A project by the UK's Ministry of Defence (MoD) to achieve the world's first test flight using 100% synthetic jet fuel, supplied by South African coal-to-liquids and petrochemicals major Sasol, had to be abandoned late last year.
This emerged at a recent conference on alternative energy held by the Royal United Services Institute in London, reports British aerospace journal Flight International.
The MoD hoped to be able to fly a Royal Air Force (RAF) Lockheed TriStar aircraft fuelled only by the Sasol jet fuel. On paper, nearly all RAF aircraft can employ Sasol's 100% synthetic jet fuel.
This follows from the amendment in April last year of military jet fuel specification Defstan 91-91 by the UK's standards authority and the MoD. Only a few small training aircraft are excluded.
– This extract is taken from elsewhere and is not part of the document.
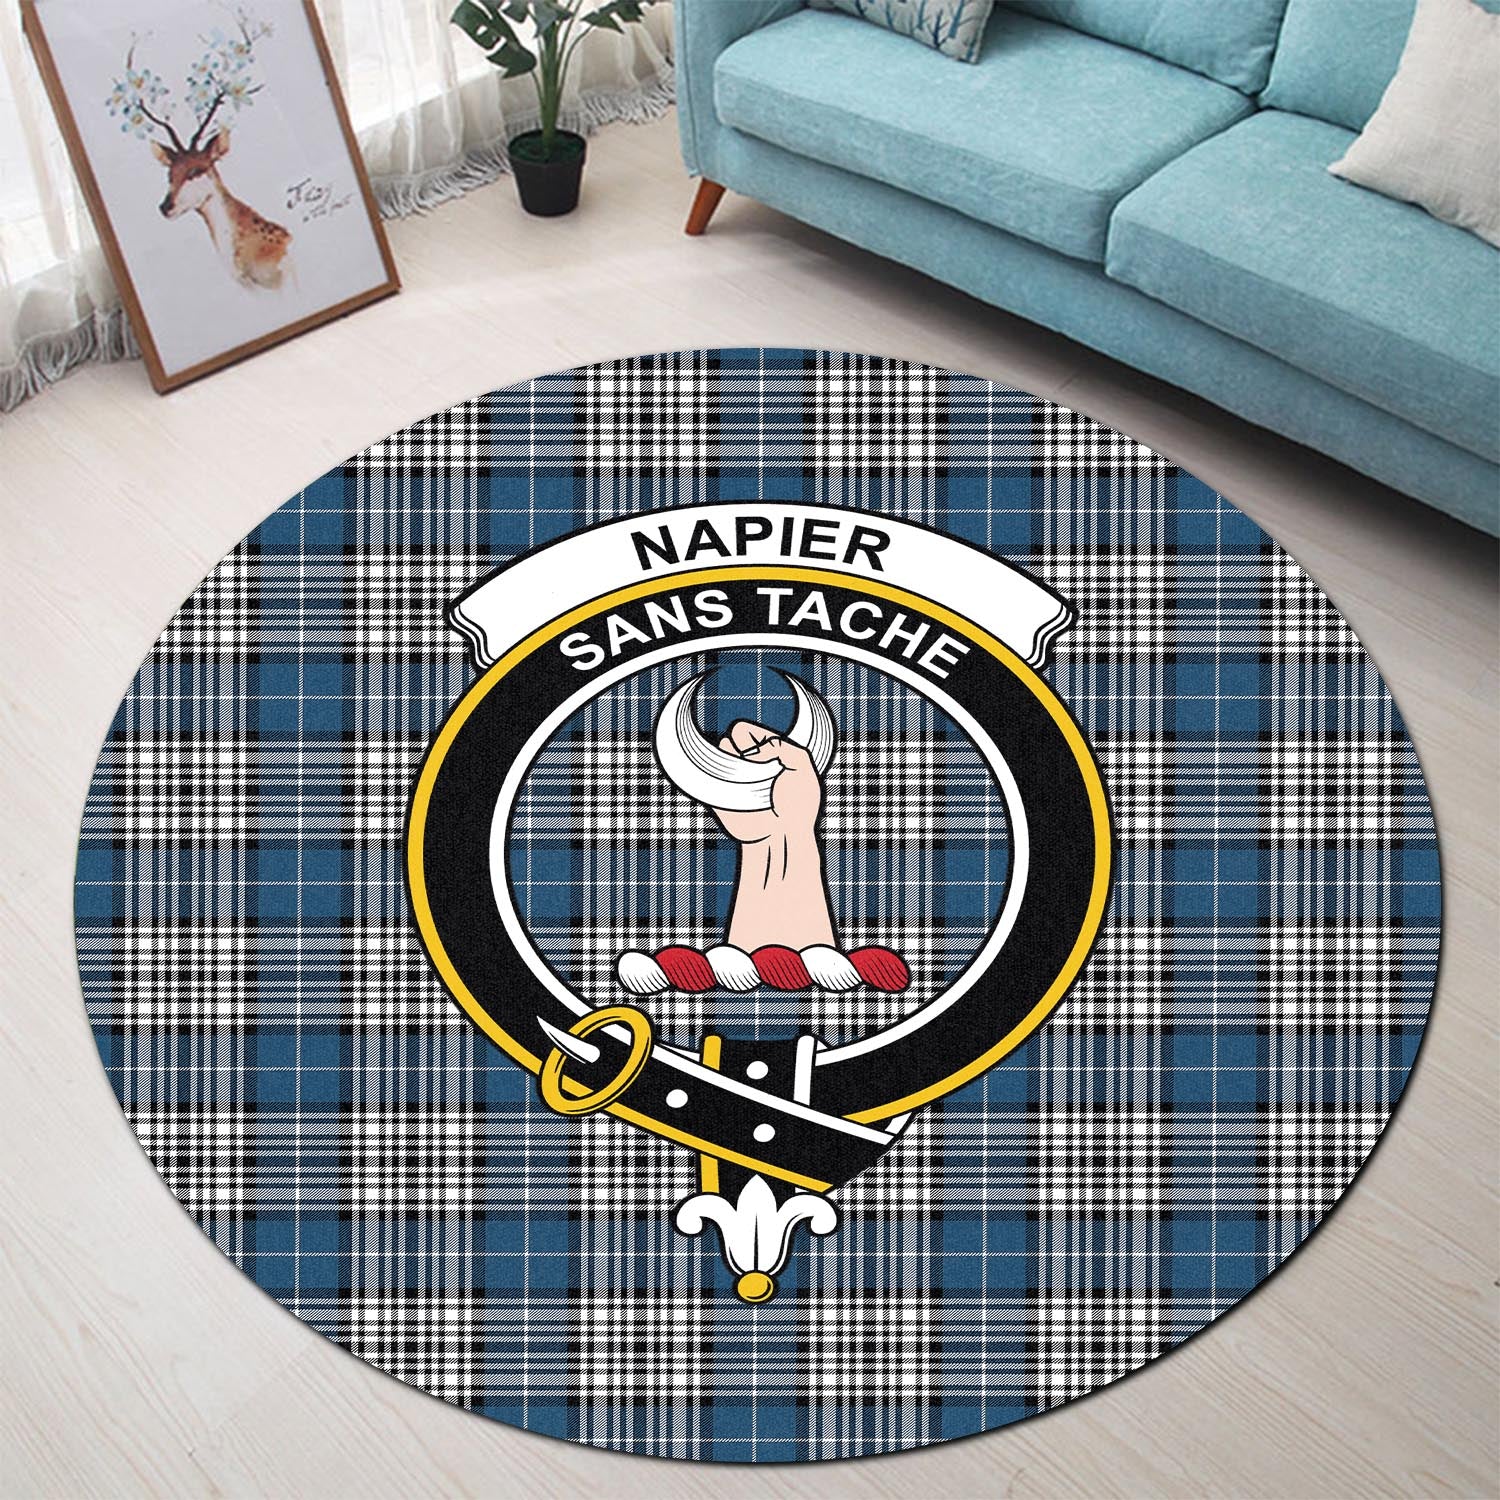 napier-modern-tartan-round-rug-with-family-crest

However, to date, no aircraft has actually flown using the 100% synthetic fuel. Hence, the plan for a test flight.
However, before such a flight could take place, it was necessary to obtain the approval of all the relevant authorities, oil companies, and the airframe, engine, and ancillary equipment manufacturers.
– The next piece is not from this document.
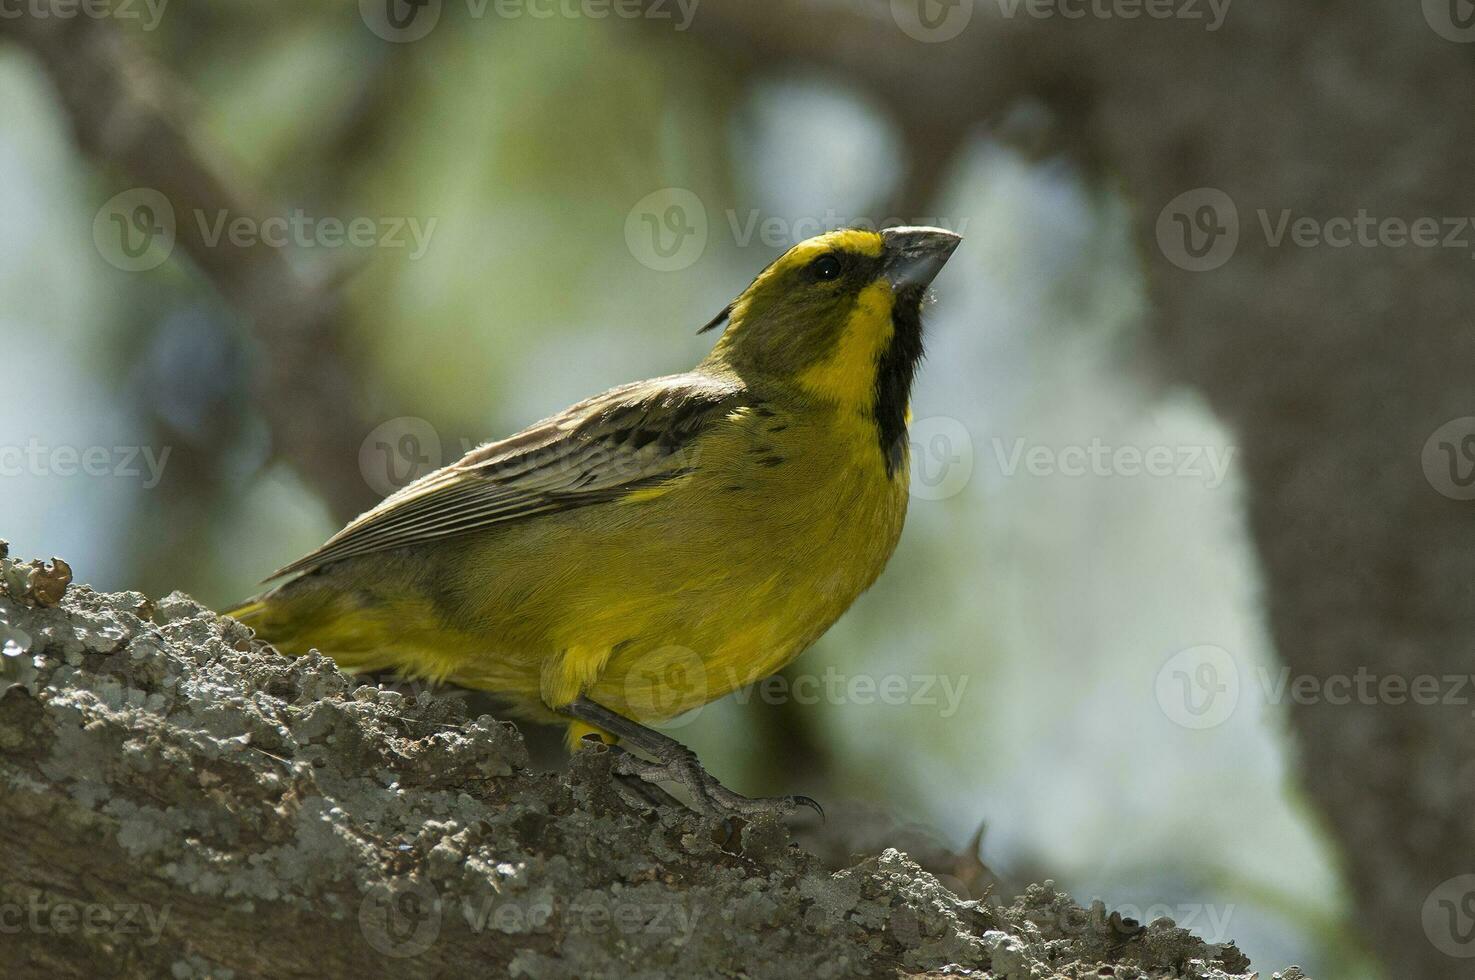 giallo cardinale, governatrice cristata, in via di estinzione specie nel la pampa, argentina foto

There appears to have been a slip-up in this process, as a key company, Marshall Aerospace, declined to approve the test.
"At very short notice, we were asked to clear the use of Sasol for RAF TriStar use [sic]," the company told Flight. "The short timeframe required unfortunately made it impractical to pull together all the required approvals."
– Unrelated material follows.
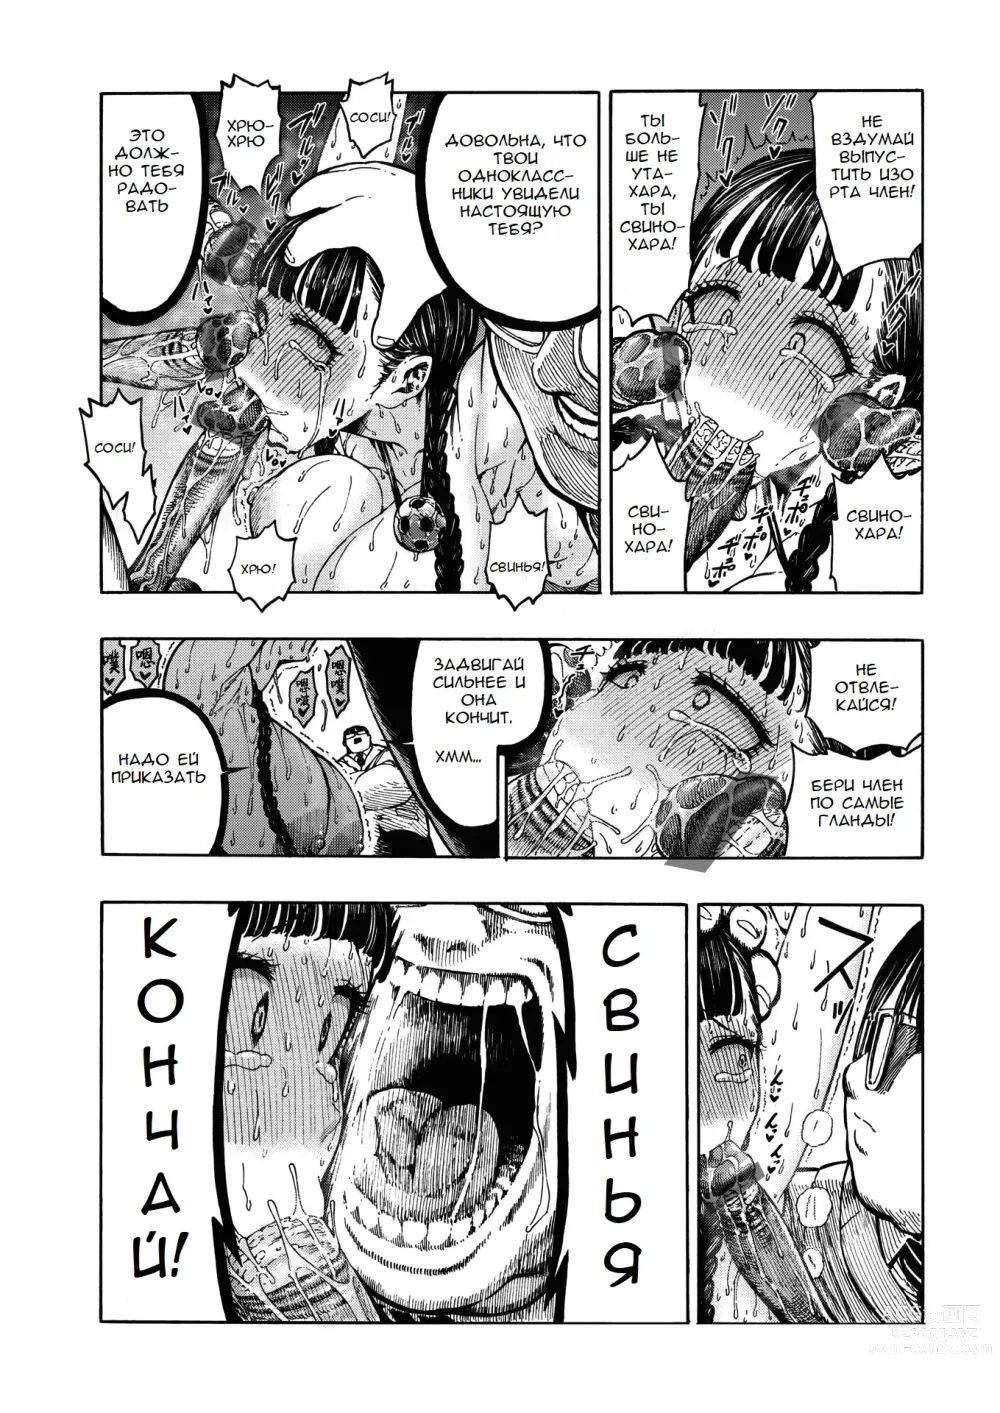 Page 14 of manga Buta to Present

Although designed and built by Lockheed (now Lockheed Martin), all TriStars were designed and built as civil airliners.
The RAF bought nine TriStars second-hand, from airlines, and had them converted into air-to-air refuelling tankers (while retaining their transport capabilities). These conversions were designed and carried out by Marshall Aerospace, which consequently is the design authority for them.
It is believed that Marshall did not have the necessary time to approve the use of the Sasol fuel in the TriStar fuel management system.
Nevetheless, "if the decision is made to take this option forward on a permanent basis, Marshall would be very happy to conduct the activity, recognising the potential environmental benefits Sasol would bring to the fleet".